Investment bank abused its relationship of trust and confidence, according to report

Derivatives are typically used as a type of “insurance” to assist in risk management, but have become a popular method to trade in recent years. To anyone but a derivatives industry professional, much explanation of the risk and loss variables are often required. The lawsuit claims that Goldman Sachs Group Inc (NYSE:GS) abused its relationship “of trust and confidence” and didn’t keep accurate records of the trade, according to the New York Times report.

Offer to hire relative of Libya’s official

The bankers offered to train Libyan officials and told them they were interested in a long-term relationship, not short-term profits, a claim now in dispute.

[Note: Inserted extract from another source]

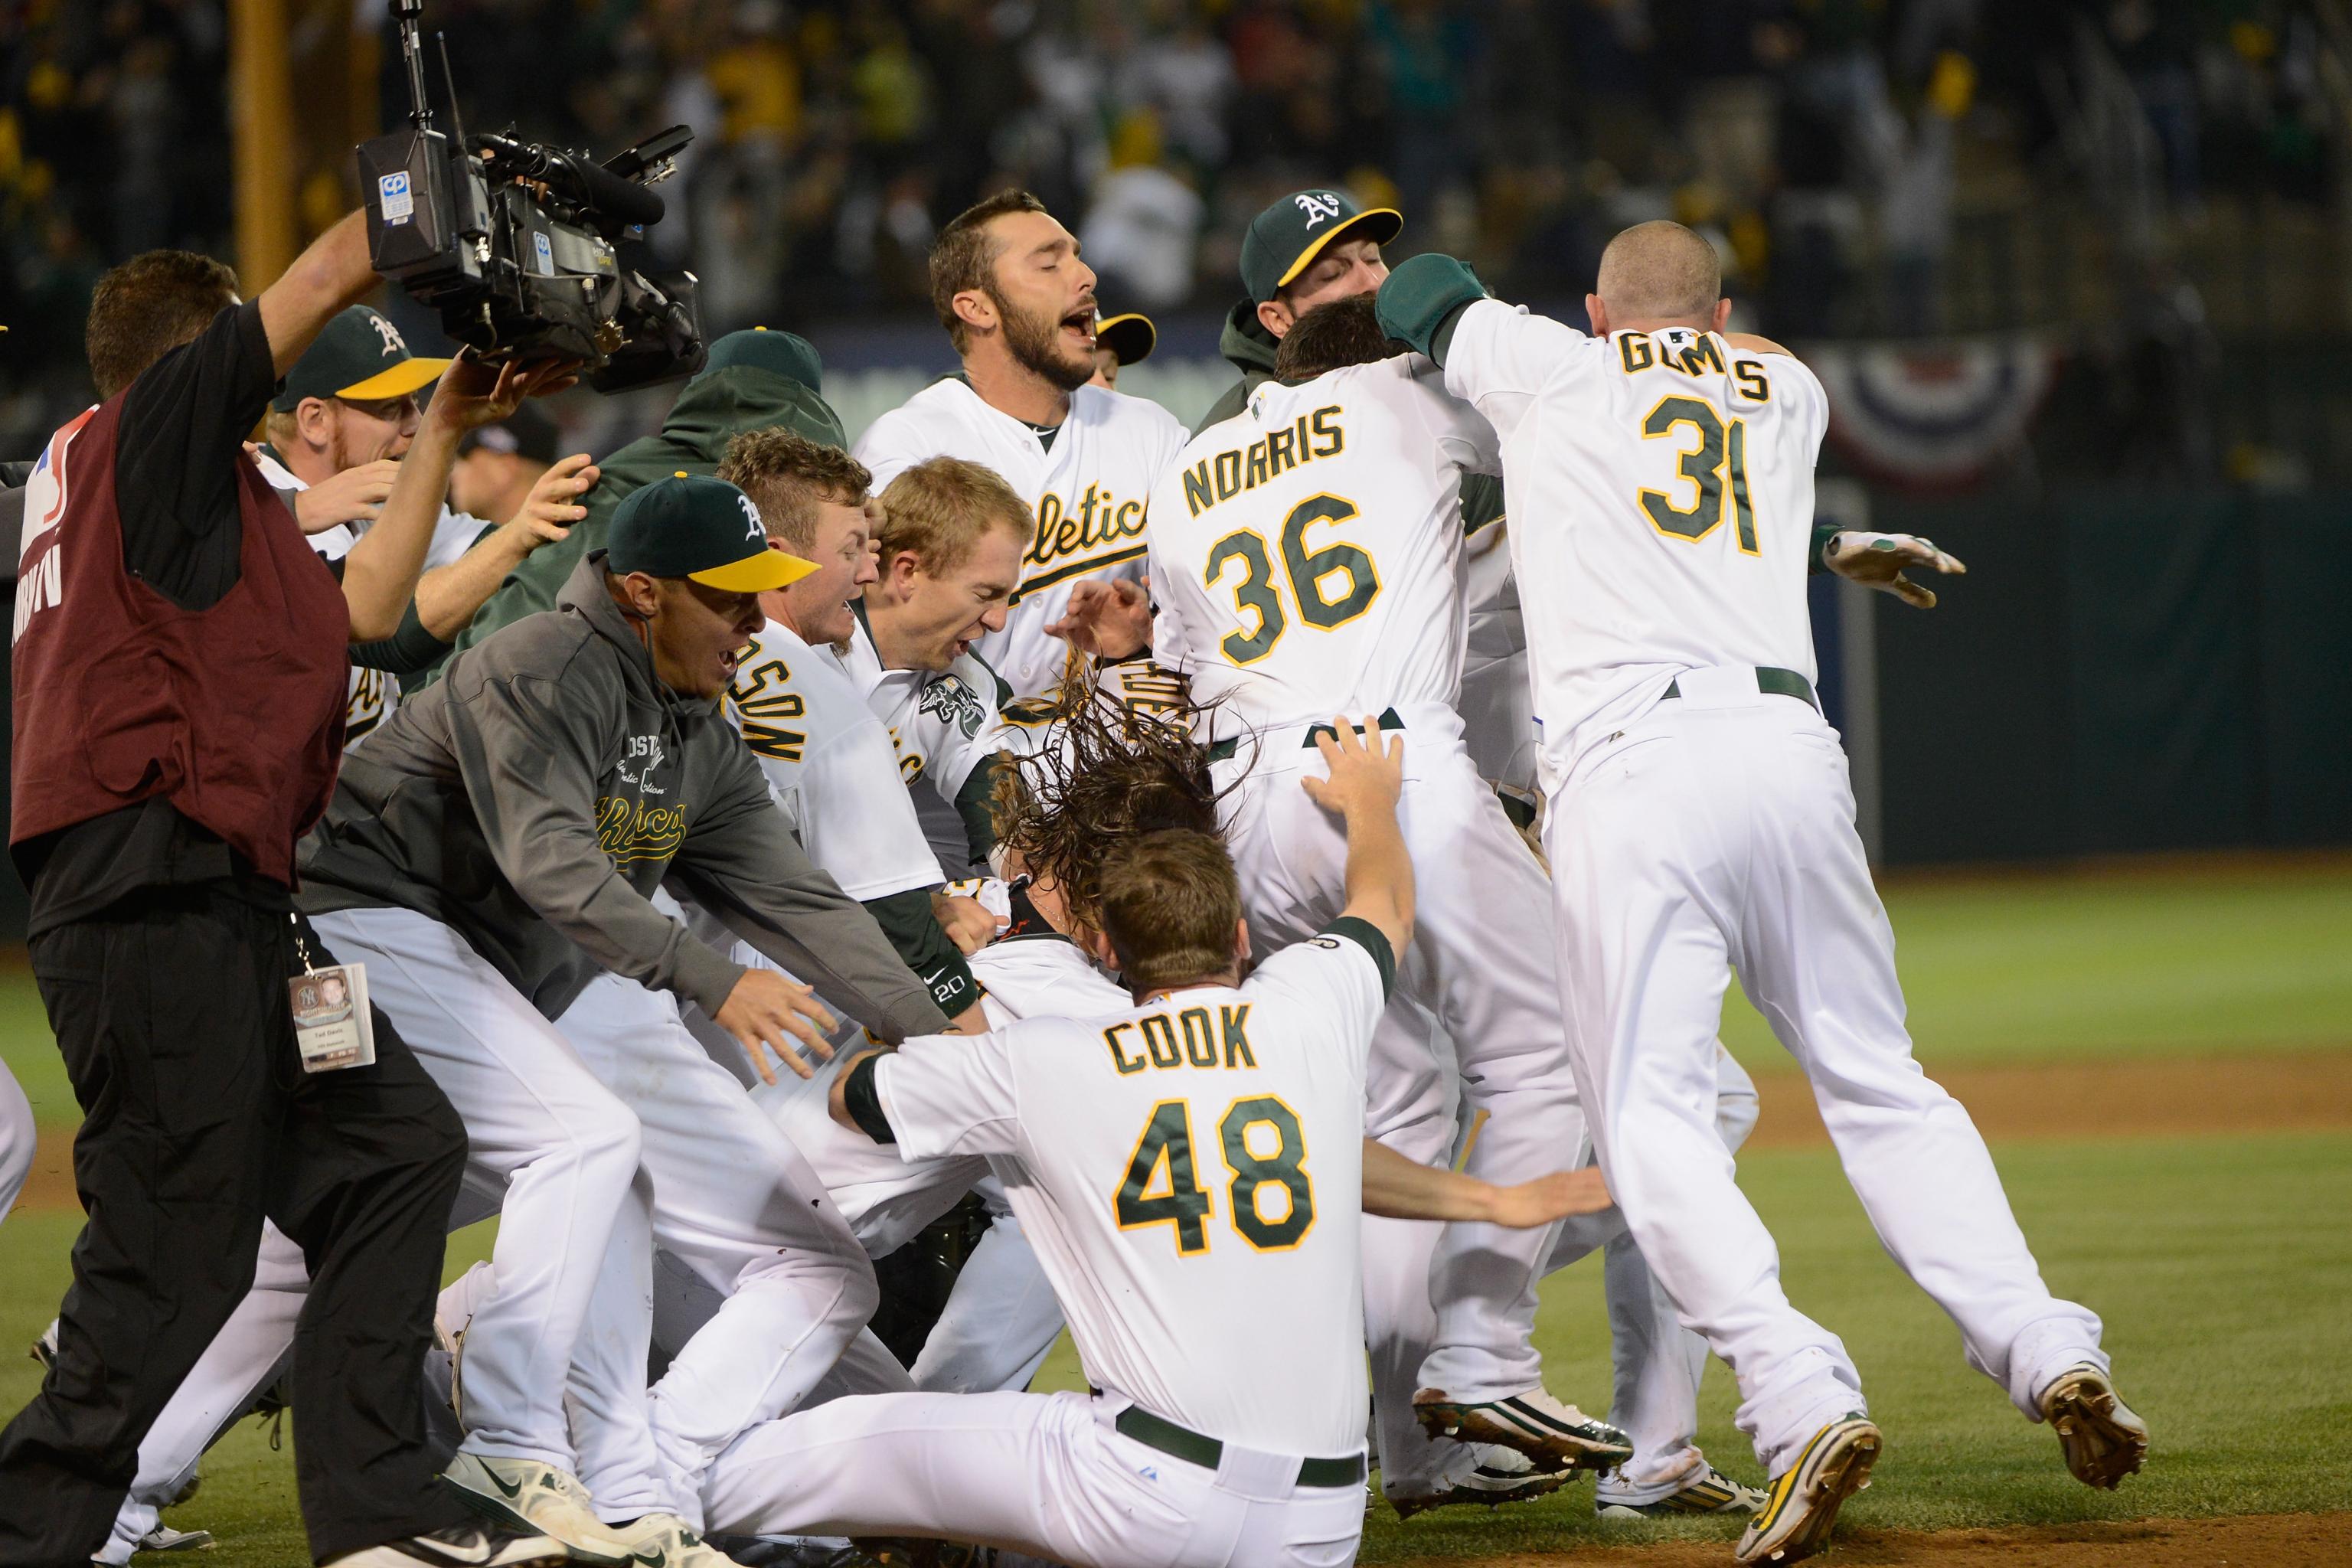 Billy Beane keeping Oakland A's competitive

The Libyan government says the most prestigious investment bank in the world, whose alumni populate nearly 50% of top government finance ministries in the western democracies, took advantage of Libya’s young and inexperienced staff. The lawsuit also alleges that Goldman Sachs Group Inc (NYSE:GS) agreed to hire as an intern the brother of the sovereign fund’s deputy executive director, but it is unclear if this actually took place. When JPMorgan engaged in alleged questionable hiring practices of relatives of Chinese government officials it was conducting business with, it created a media uproar.

Goldman denies wrongdoing, will “vigorously” defend itself

“While Goldman Sachs Group Inc (NYSE:GS) was orchestrating these unjustly exploitative transactions, it repeatedly told the L.I.A. that it sought a long-term relationship with the L.I.A. as a strategic partner. This was untrue,” Abdul Magid Breish, the recently appointed chairman of the Libyan Investment Authority, said in a press statement.

“We think the claims are without merit and will defend them vigorously,” a Goldman Sachs spokesman was quoted as saying.

While the exact details of the derivatives trade were not made public, it appears the Libyan position may have bought an insurance option with limited time duration on some event. In a fashion similar to purchasing a regulated options on a derivatives exchange, when the time duration of the contract expired it became worthless, is informed speculation.

Under former Libyan leader Muammar el-Qaddafi, the oil rich nation began instituting a policy of selling oil for a currency other than the US dollar approximately four years ago. Soon there after a bloody civil war to unseat Qaddafi ensued, sanctions were placed on doing business with the North African nation.  The suit claims that the investment in question was by then worthless.